Adding a New Provider

  1. Implement the Provider:
// src/core/providers/myai/mod.rs
pub struct MyAIProvider {
    config: MyAIConfig,
    client: HttpClient,
}

#[async_trait]
impl LLMProvider for MyAIProvider {
    type Config = MyAIConfig;
    type Error = MyAIError;
    type ErrorMapper = MyAIErrorMapper;
    
    fn name(&self) -> &'static str {
        "myai"
    }
    
    // ... implement all required methods
}
  1. Add to Provider Enum:
pub enum Provider {
    // ... existing providers
    MyAI(myai::MyAIProvider),
}
  1. Update Dispatch Macros:
// Add single line to each macro
Provider::MyAI(p) => LLMProvider::$method(p, $($arg),*).await.map_err(ProviderError::from),
  1. Add to ProviderType:
pub enum ProviderType {
    // ... existing types
    MyAI,
}

Total effort: ~10 lines of boilerplate code changes

📈 Benchmarks

Theoretical Performance Analysis

// Direct provider call (baseline)
let response = openai_provider.chat_completion(request, context).await?;
// Performance: 100% (baseline)

// LiteLLM-RS hybrid approach  
let provider = Provider::OpenAI(openai_provider);
let response = provider.chat_completion(request, context).await?;
// Performance: 100% (identical after optimization)

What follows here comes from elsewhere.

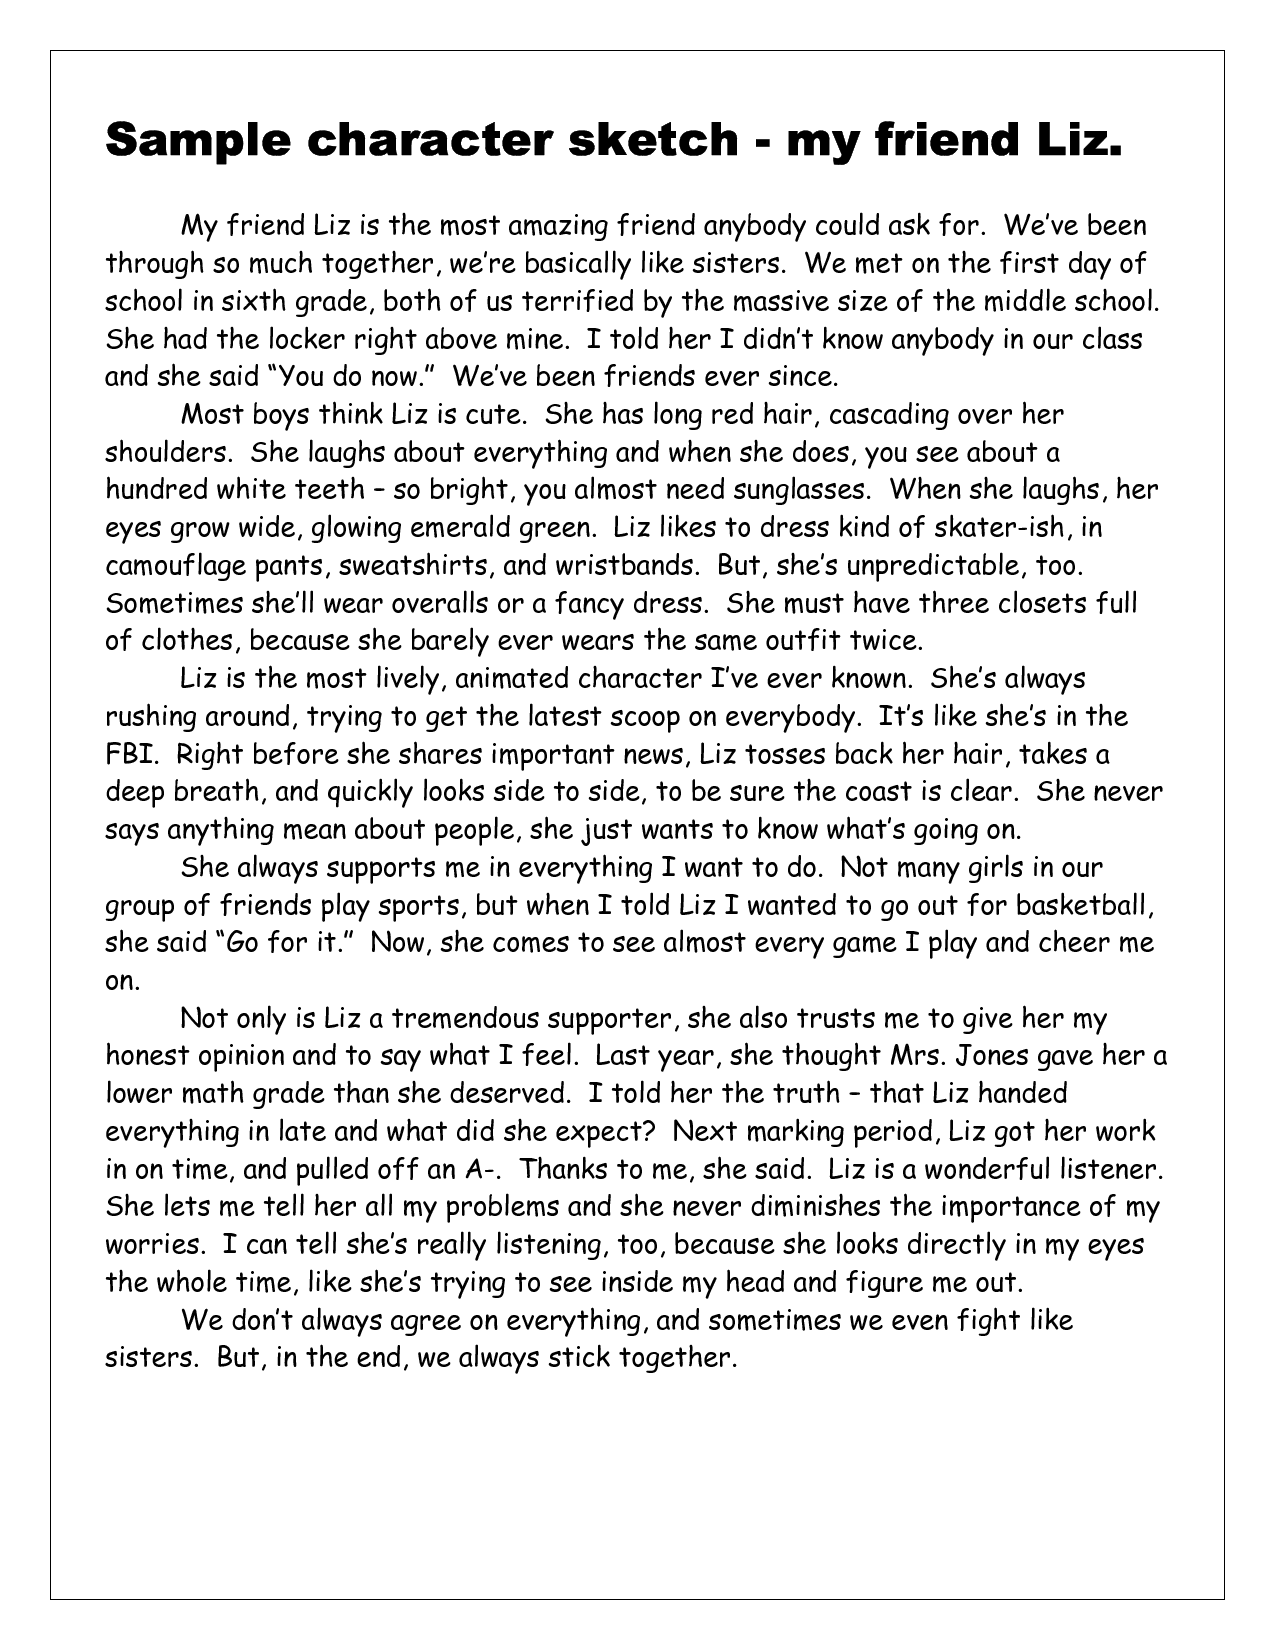 An essay on best friend

// Pure trait object approach
let provider: Box<dyn LLMProvider> = Box::new(openai_provider);
let response = provider.chat_completion(request, context).await?;
// Performance: ~85-95% (vtable + heap allocation overhead)

📝 Summary

The LiteLLM-RS Provider Architecture represents a sophisticated balance between performance, safety, and extensibility:

  • 🚀 Performance: Zero-cost abstractions with static dispatch
  • 🛡️ Safety: Compile-time type checking and memory safety
  • 🔧 Maintainability: Uniform interfaces and macro-driven dispatch
  • 📈 Scalability: Easy provider addition with minimal boilerplate
  • 🎯 Reliability: Comprehensive error handling and health monitoring

This architecture enables LiteLLM-RS to deliver production-grade performance while maintaining the developer experience and ecosystem compatibility that makes LiteLLM successful.


📋 Current Implementation Status

✅ Fully Implemented (12 Providers)

  • OpenAI: Complete with streaming, embeddings, image generation
  • Anthropic: Complete with streaming and function calling
  • Azure: OpenAI-compatible with enterprise features
  • Mistral: Chat completion and function calling
  • DeepSeek: High-performance Chinese AI provider
  • Moonshot: Alternative OpenAI-compatible provider
  • MetaLlama: Meta's LLaMA models via various providers
  • OpenRouter: Multi-provider routing and access
  • VertexAI: Google Cloud AI platform integration
  • V0: Development and testing provider
  • DeepInfra: Model hosting platform
  • AzureAI: Azure AI Foundry integration

🎯 Architecture Benefits Achieved

  1. 100% API Consistency: All 12 providers use identical method signatures
  2. Zero Runtime Overhead: Static dispatch with compile-time optimization
  3. Type Safety: Comprehensive compile-time checking prevents runtime errors
  4. Extensibility: Adding new providers requires minimal boilerplate changes
  5. Error Handling: Unified error system with automatic conversion
  6. Feature Parity: Consistent streaming, embeddings, and health check support

🚀 Next Steps

  1. Performance Benchmarks: Comprehensive performance testing across all providers
  2. Integration Tests: End-to-end testing with real provider APIs
  3. Documentation: Complete API documentation and usage examples
  4. Production Hardening: Error handling, retry logic, and monitoring improvements

This unified architecture successfully combines the performance benefits of Rust's type system with the developer experience of Python LiteLLM's uniform API design.